We had quite a variety of kinds of solutions
to this problem with some sending in one solution, some sending in
a variety and some considering all the possibilities.
Jonathan sent in the following
idea;
The answer could be for example £2.03.
Ben could have two pound coins and three one penny coins total
would be £2.03.
Or he could have £1.37 - he would have 1 x 2p coin,
1 x 5p coin, 1 x 10p coin, 1 x £1 coin and 1 x 20p coin
making a total of £1.37.
Another solution was sent in by Lily;
I thought of a two pound and tried to make £2.01.

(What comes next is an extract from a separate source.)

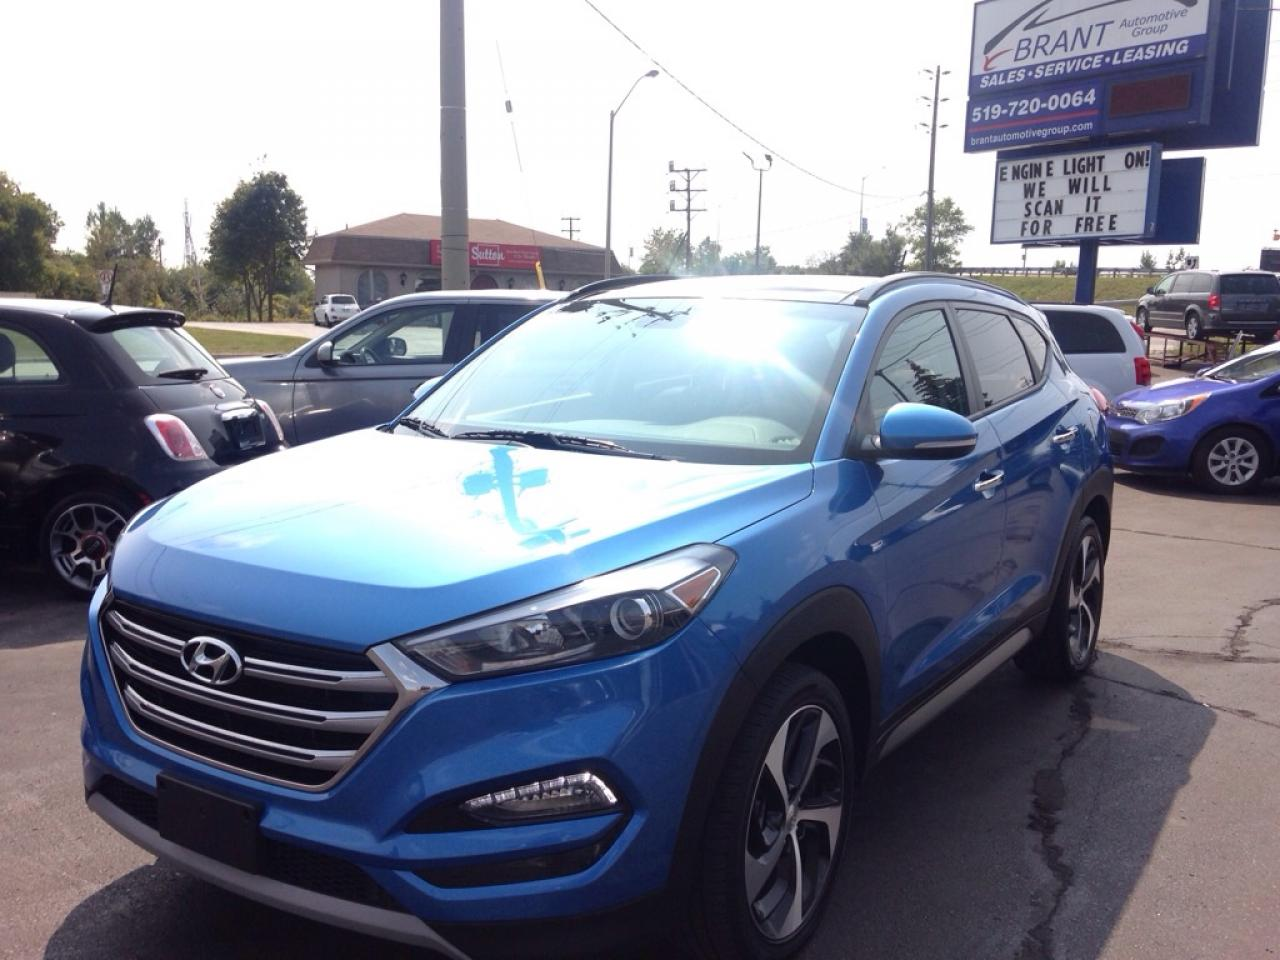 2017 Hyundai Tucson SE AWD, leather, panoramic sunroof!

So I times 50p by 4 which equaled £2.00.Then that meant
I had one coin left which had to be 1p.So that only left adding
them together. £2.00+1p= £2.01
Rachel sorted out what the range could
be;
The most Ben can have in his pocket is £10 because he
could have five £2 coins.
The least he could have is 5p i f he had five 1p coins
in his pocket.
It is always good to hear how, when provided
with a simple starting point, children can take mathematics beyond
our expectations. Here is an account of such an event from a
teacher ...
"Our school, Barford St Peters Primary in Warwickshire, has an
after-school Maths Club for juniors where we often look at NRICH
problems. I explained this problem to them, and most of them
decided to work on it from a slightly different angle; they looked
at the different possible total amount, from 1p up to 100p, and
worked out if this was possible with five coins, and if so, which
five coins would do it. Dean, Liam and Andrew worked up to about
40p in the time available, and decided that only 1p, 2p, 3p and 4p
were impossible with five coins.
Then, in his own time, Andrew decided that he wanted to
consider, for a given number of coins, what was the smallest total
which required that number of coins. His first answer was that 38p
was the smallest amount which required fivecoins, 88p the smallest
to need six coins. He worked out that £5.88 was the
smallest to need ninecoins ( £2, £2,
£1, 50p, 20p, 10p, 5p, 2p, 1p), but that
£7.88 needed ten coins (another £2 plus the
ones before). He reckoned £17.88 needed fifteen coins,
£27.88 needed twenty coins, £37.88 needed
twenty five coins, £187.88 needed one hundred coins, and
then went off into the realms of trillions of coins and googols of
coins!"